La donna sospirò, arrendendosi all'idea che Francesco fosse fatto così, che non l'avrebbe cambiato: era geloso, sì, ma di quella gelosia buona e piccante che poteva rincuorarla del fatto che non la desse mai per scontata, ma che non le impediva mai di esprimersi o realizzarsi come meglio riteneva.
“Innanzitutto ti manda i suoi saluti” esordì, mentre con lo sguardo andava oltre il marito per tenere d'occhio Leonardo “e poi dice che nei prossimi giorni lui e Andreas possono continuare a lavorare da soli” “Che gli hai detto?” domandò l'uomo e Emma non poté fare a meno di sorridere di fronte a quell'espressione compiaciuta che era nata sul viso del marito. “Niente...” “Dì la verità ...lo hai asfaltato per bene” “Ma neanche per idea, che ti viene in mente!” esclamò, indignata … quello era un trattamento che riservato solo a lui, lo custodiva per le occasioni davvero speciali “gli ho solo detto che deve andare avanti, che non vale la pena restare ancorati al passato” “Giusto così” In fondo, non gli aveva detto nulla che non applicasse anche a loro stessi: quante volte aveva lo aveva spronato ad andare avanti a non guardare più indietro se significava farsi solo del male e restare impantanati.
“E poi per me...non ne valgo la pena” “Ehi ehi!
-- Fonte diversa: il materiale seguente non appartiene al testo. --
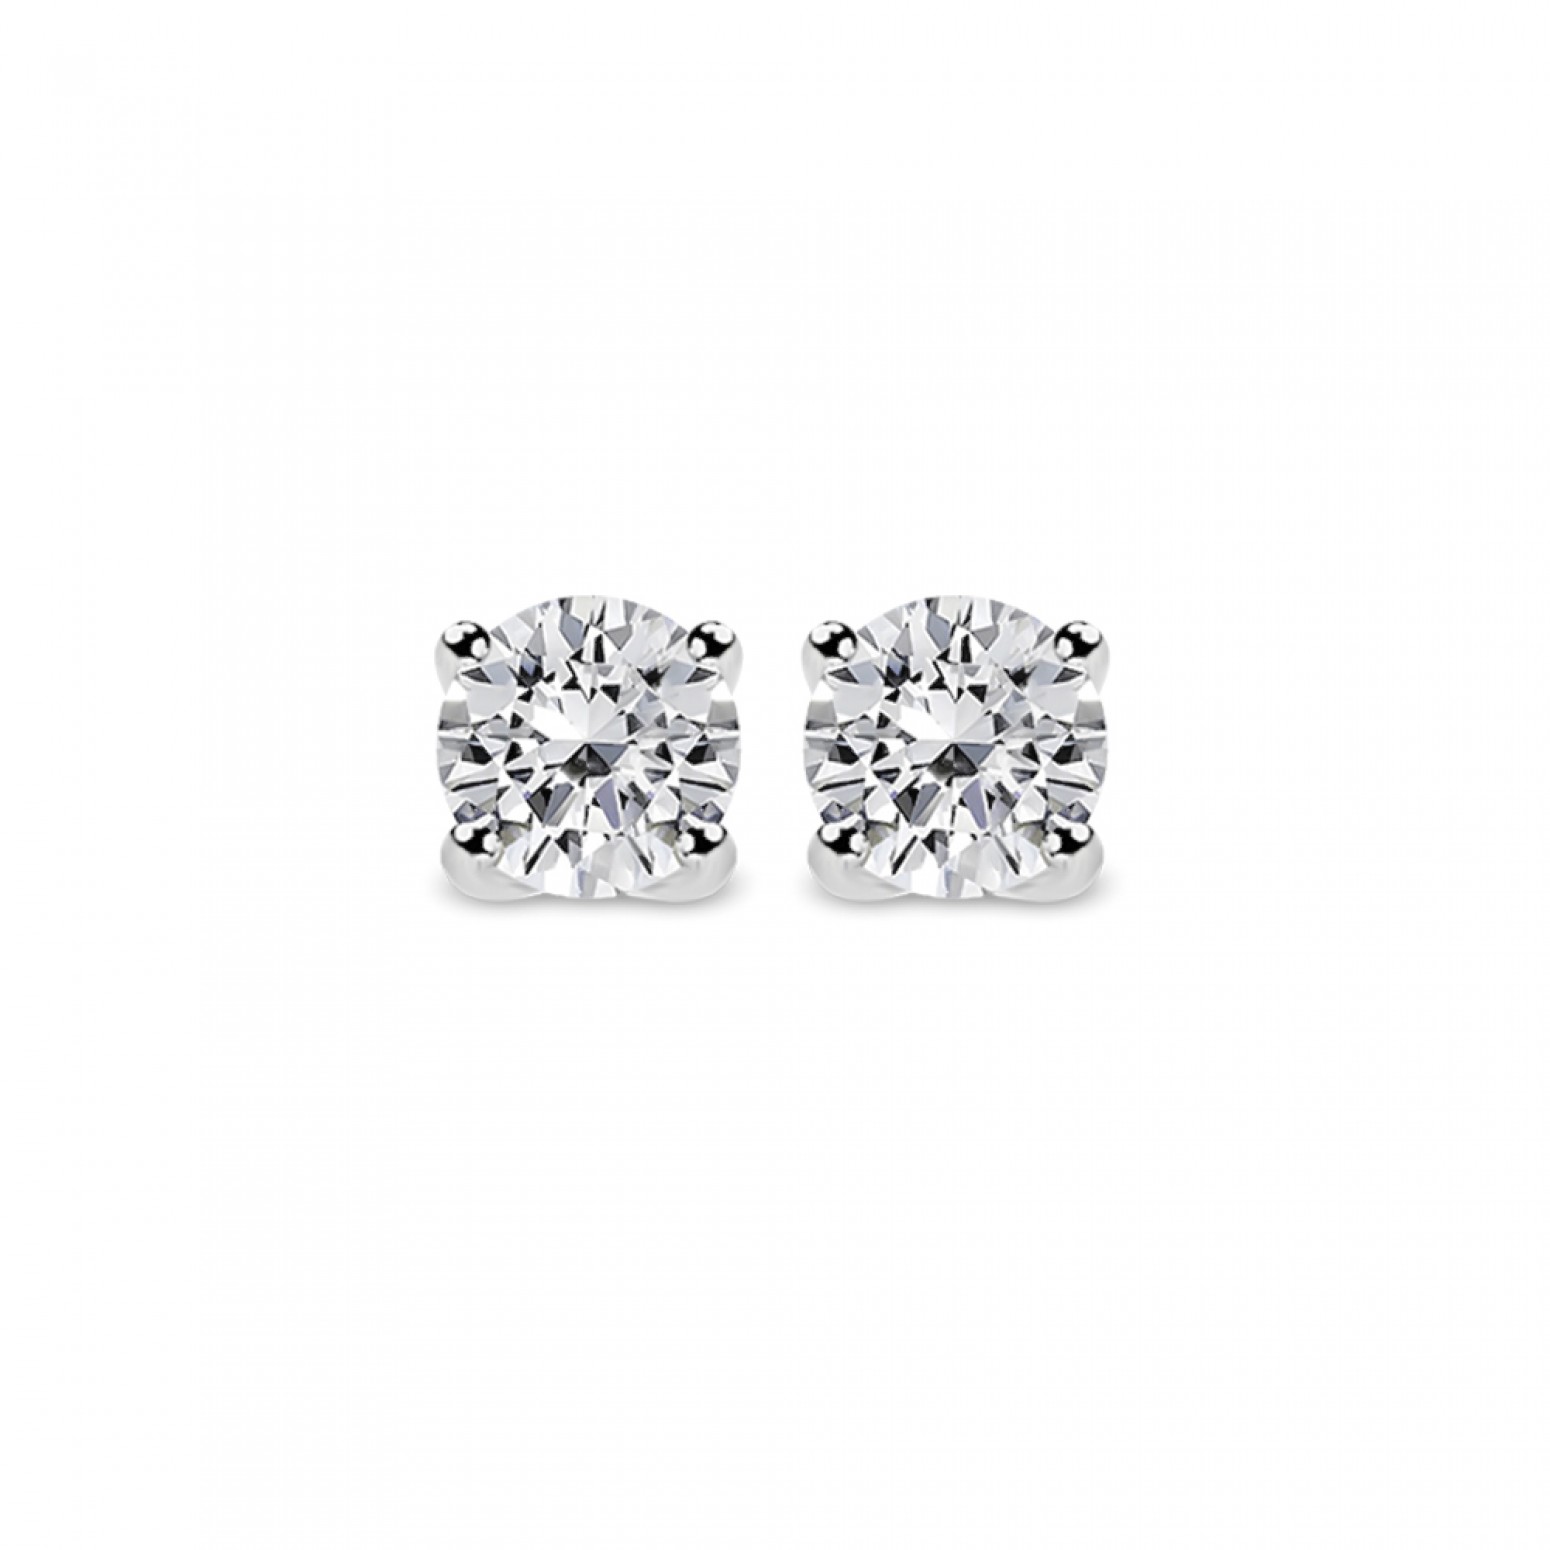 Solitaire earrings 18K white gold with diamonds 0.47ct, VS2, G from IGL sk3375 EARRINGS Κοσμηματα - chrilia.gr

Signora Neri!” la sgridò suo marito “tu ne vali sempre la pena, ricordatelo” “Sì, lo so” affermò, sorridendo soddisfatta “ma solo e soltanto per te”
Emma si sporse leggermente per avvicinarsi a suo marito, facendo attenzione a Sole tra le sue braccia e Luna ai suoi piedi. “Vorrei ben vedere” sussurrò Francesco, smettendo di remare, trovandosi le labbra della moglie ad una distanza molto ravvicinata e volendo eliminarla definitivamente. Prese il collo di Emma tra le mani, accarezzandole la nuca leggermente e finalmente posando un bacio su quelle labbra che erano l'unico posto in cui si sentiva veramente a casa. E lo stesso poteva dirsi per Emma: solo tra le sue braccia si sentiva completamente al sicuro e anche quando osava o superava i suoi limiti, lo faceva solo nella certezza di avere Francesco, il suo uomo, al suo fianco.
“Adesso però tocca a me!” esclamò Leonardo, incurante del momento di intimità dei suoi genitori: per lui, così abituato a quelle smanceria, una in più o in meno non faceva differenza. Francesco, strizzando l'occhio a sua moglie, complice, occhiolino che sapeva tanto di riprenderemo più tardi e anche meglio, fece accomodare il bambino tra le sue gambe, aiutandolo a destreggiarsi con i remi per virare e tornare verso la palafitta.